DATA PROVIDED START

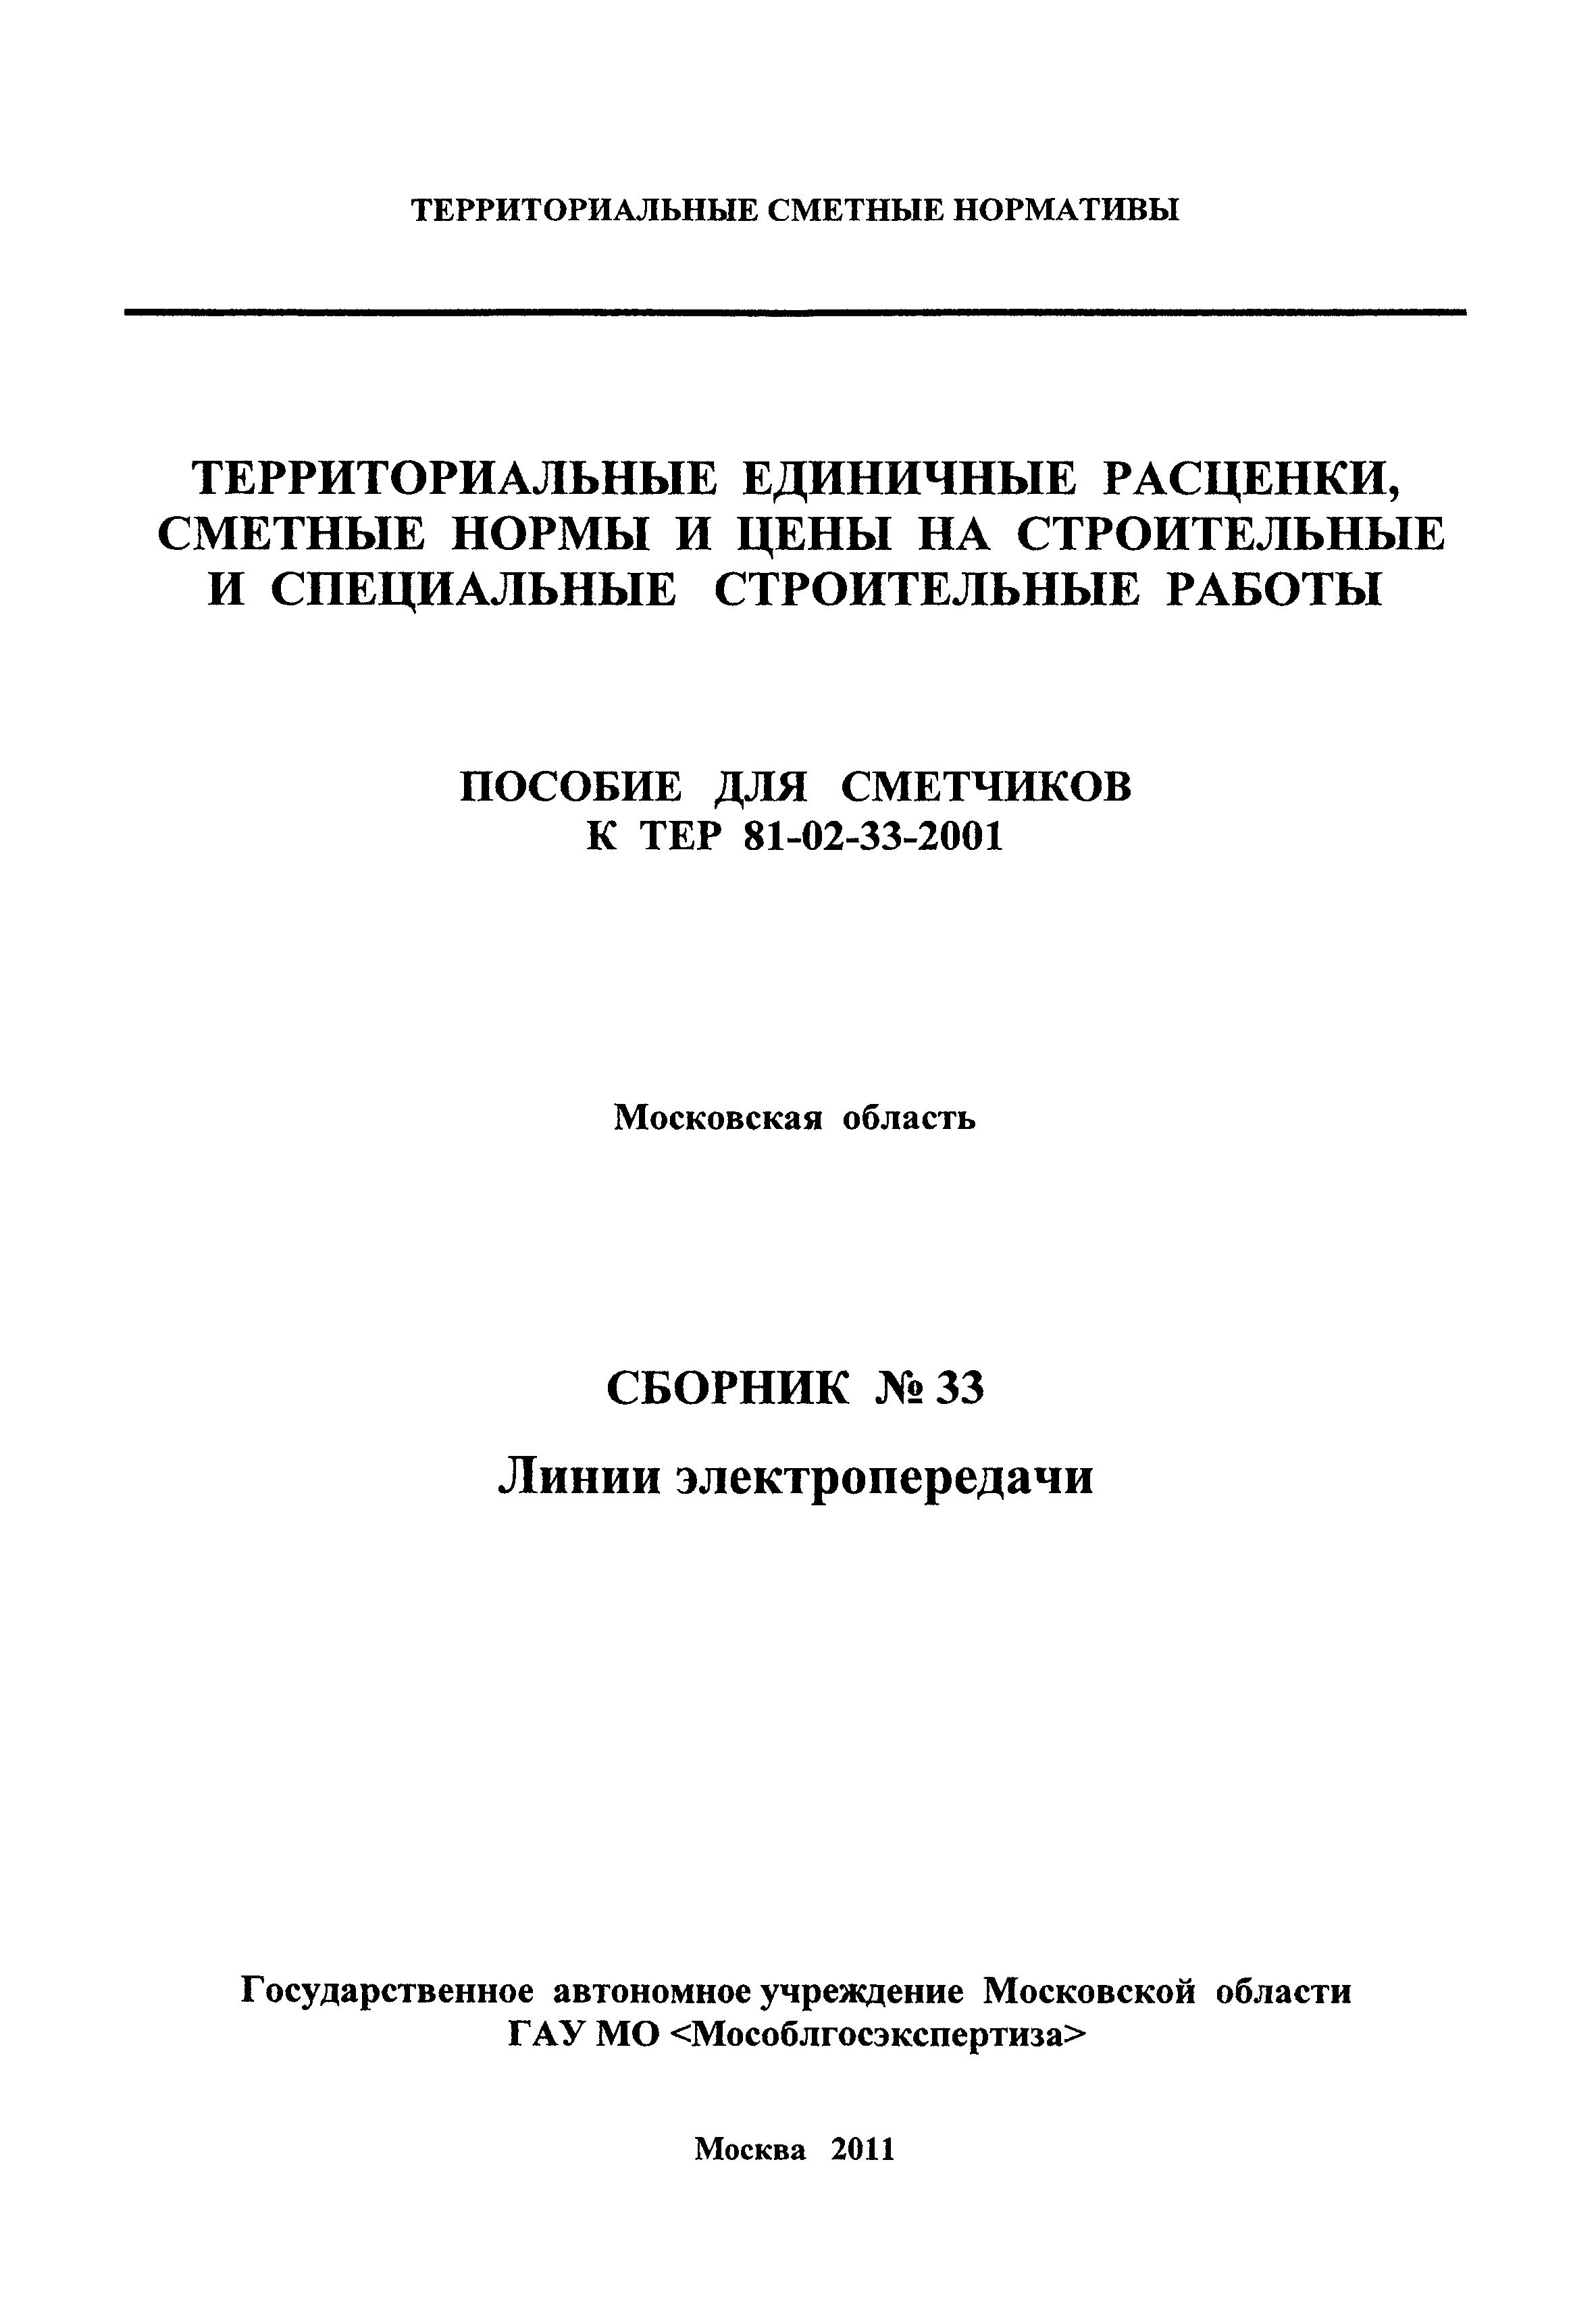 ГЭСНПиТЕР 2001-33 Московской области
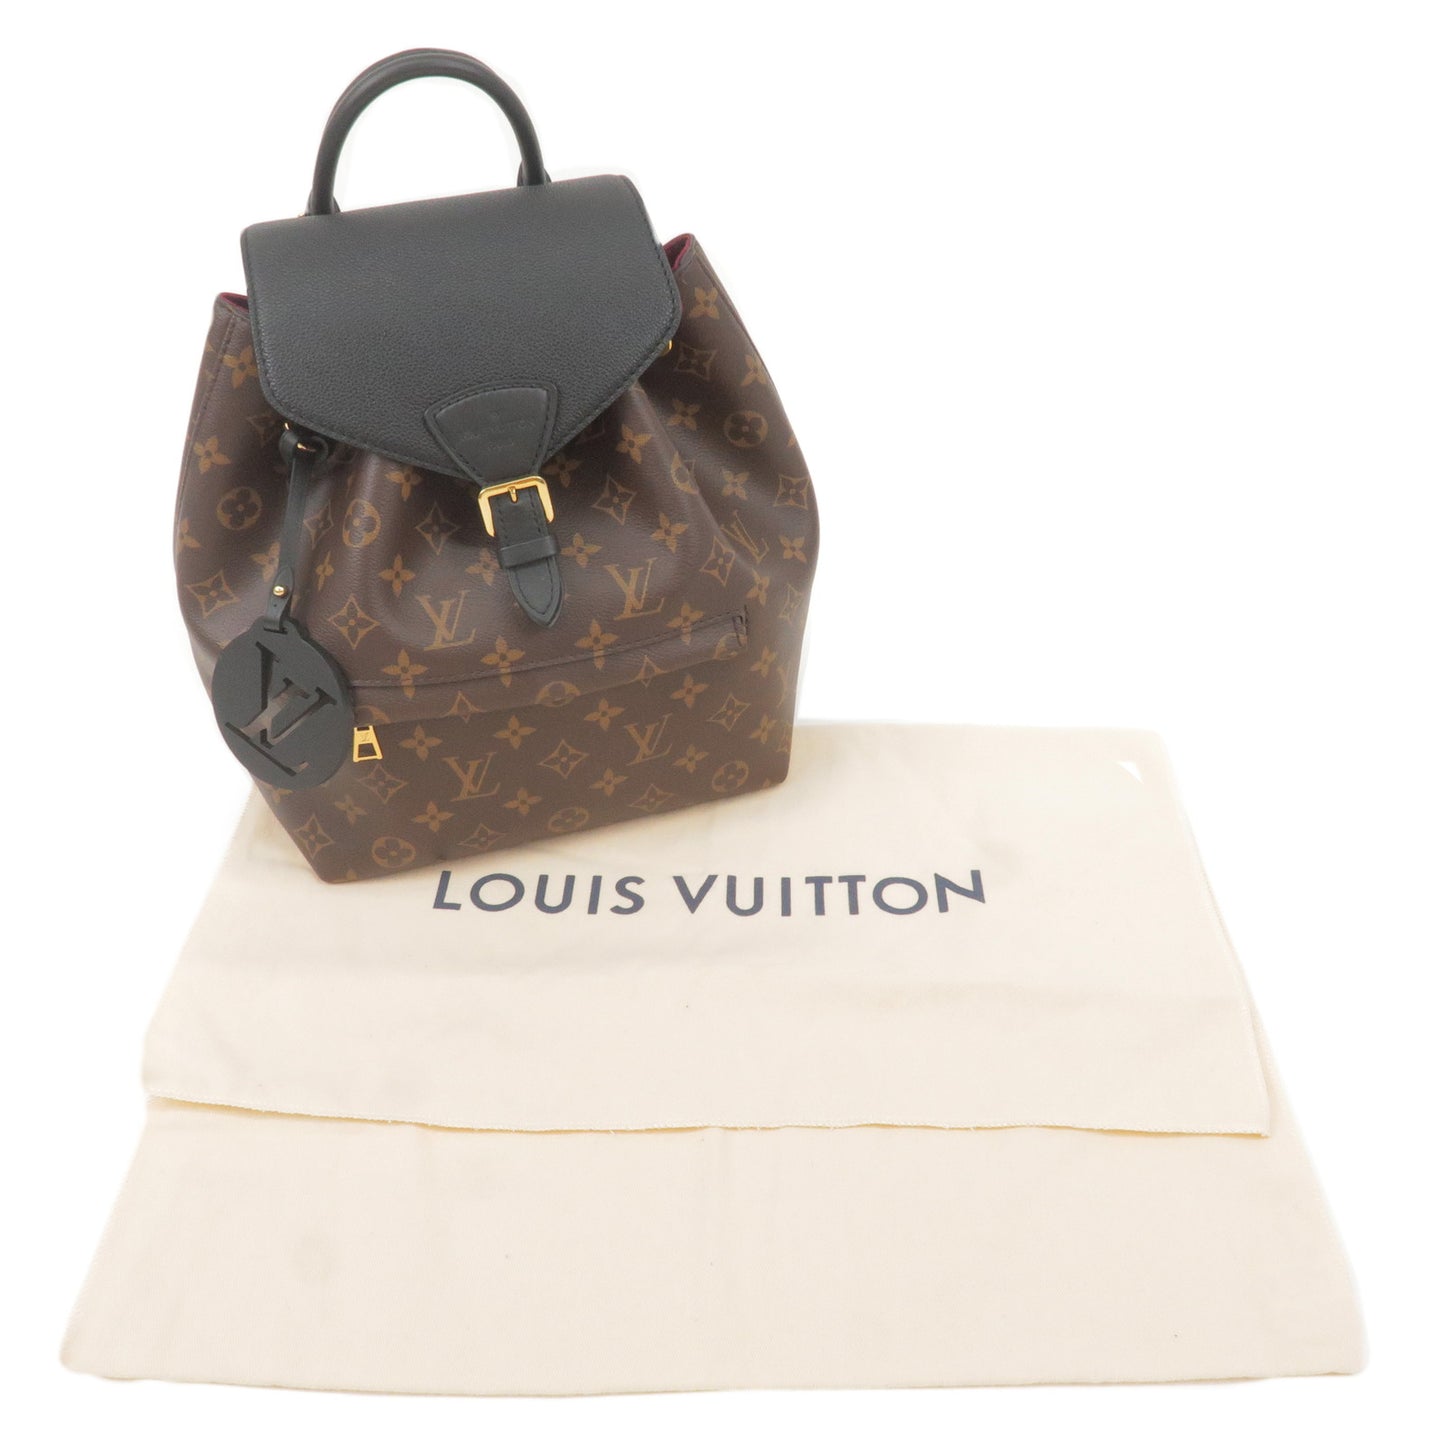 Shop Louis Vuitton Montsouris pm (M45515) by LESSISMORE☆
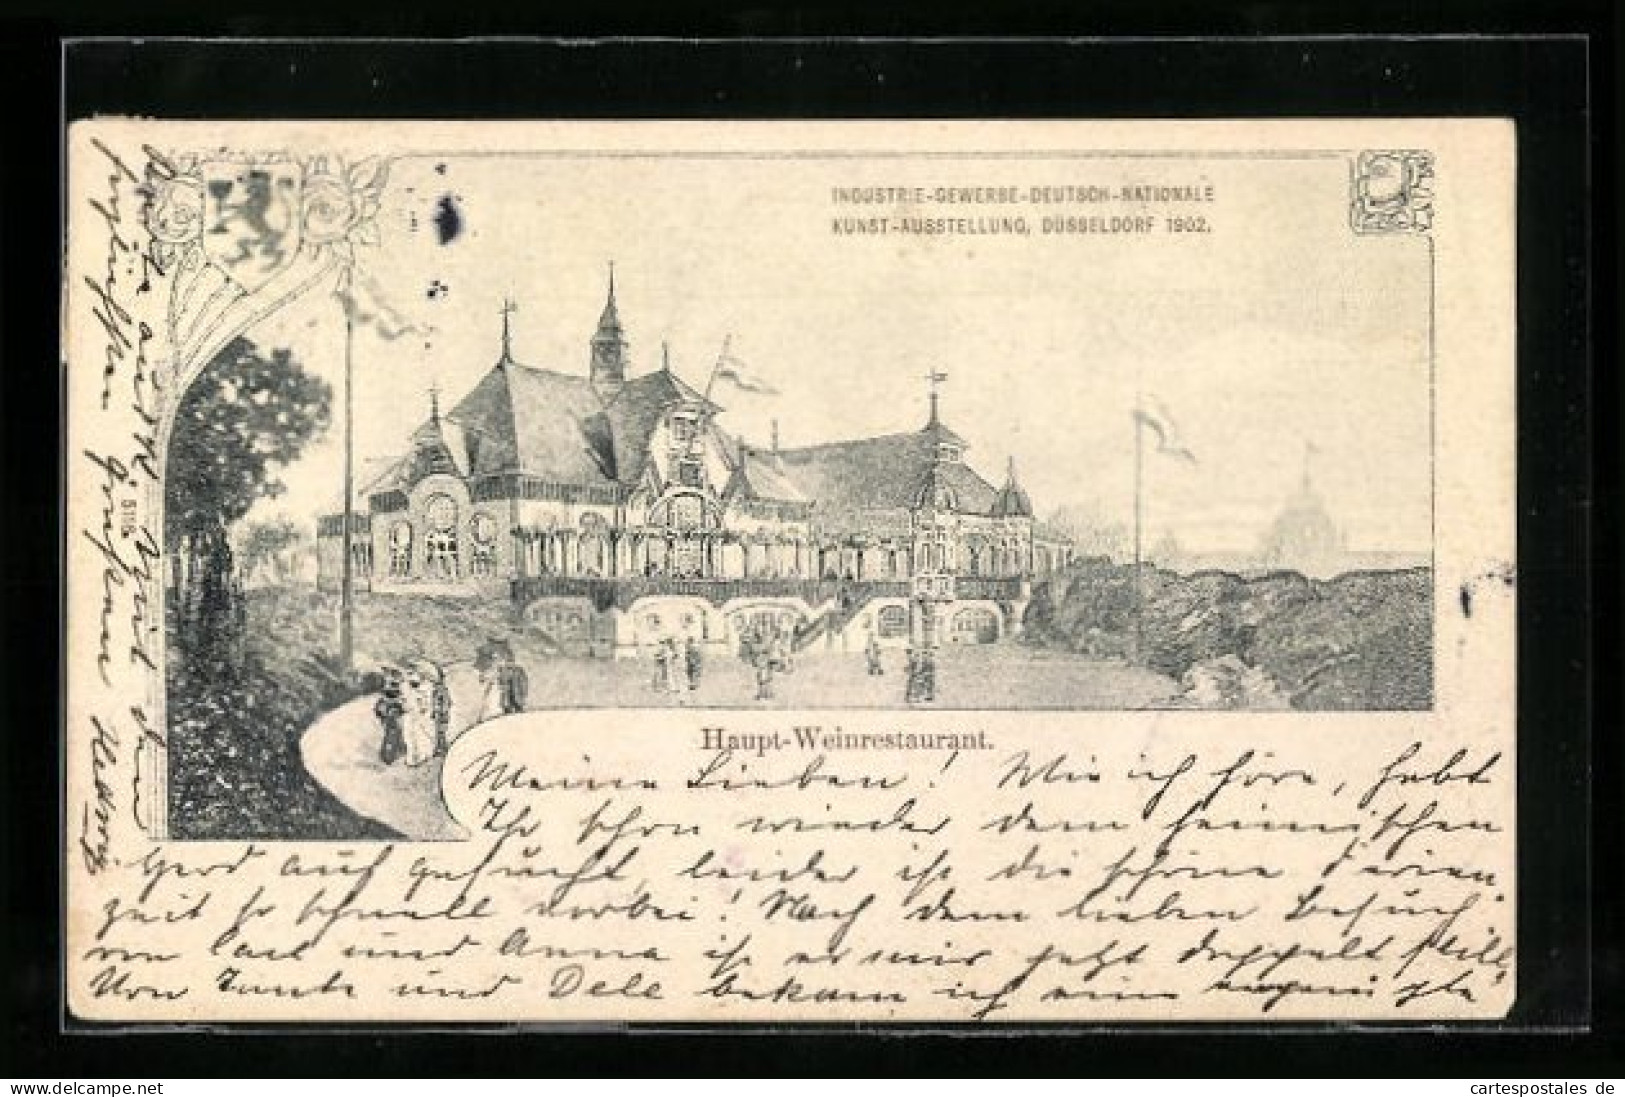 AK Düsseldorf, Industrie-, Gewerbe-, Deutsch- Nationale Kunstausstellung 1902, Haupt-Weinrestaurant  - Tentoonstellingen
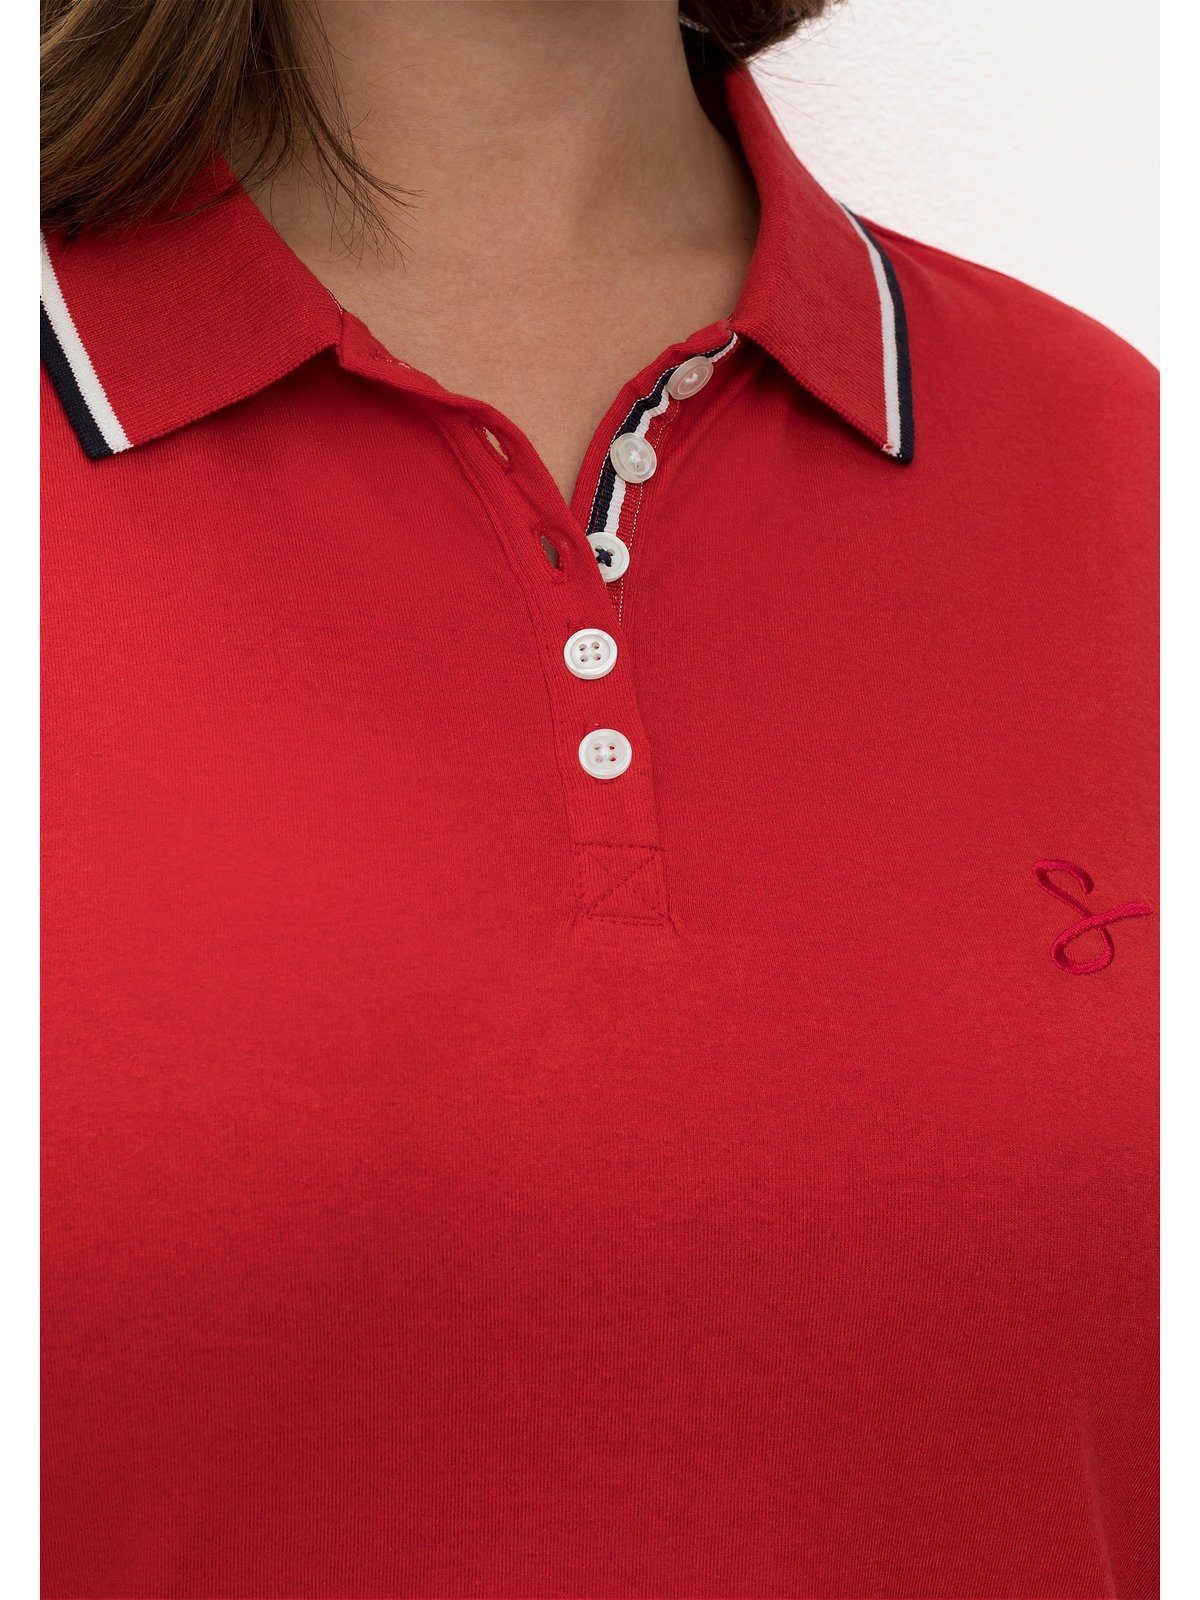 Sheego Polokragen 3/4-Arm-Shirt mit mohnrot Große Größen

DATA PROVIDED END

Wherever a picture appears in the listing above, drop it, and restate the rest exactly.

### RESPONSE BELOW
 ГЭСНПиТЕР 2001-33 Московской области
 Shop Louis Vuitton Montsouris pm (M45515) by LESSISMORE☆
 AK Düsseldorf, Industrie-, Gewerbe-, Deutsch- Nationale Kunstausstellung 1902, Haupt-Weinrestaurant  - Tentoonstellingen
 Sheego Polokragen 3/4-Arm-Shirt mit mohnrot Große Größen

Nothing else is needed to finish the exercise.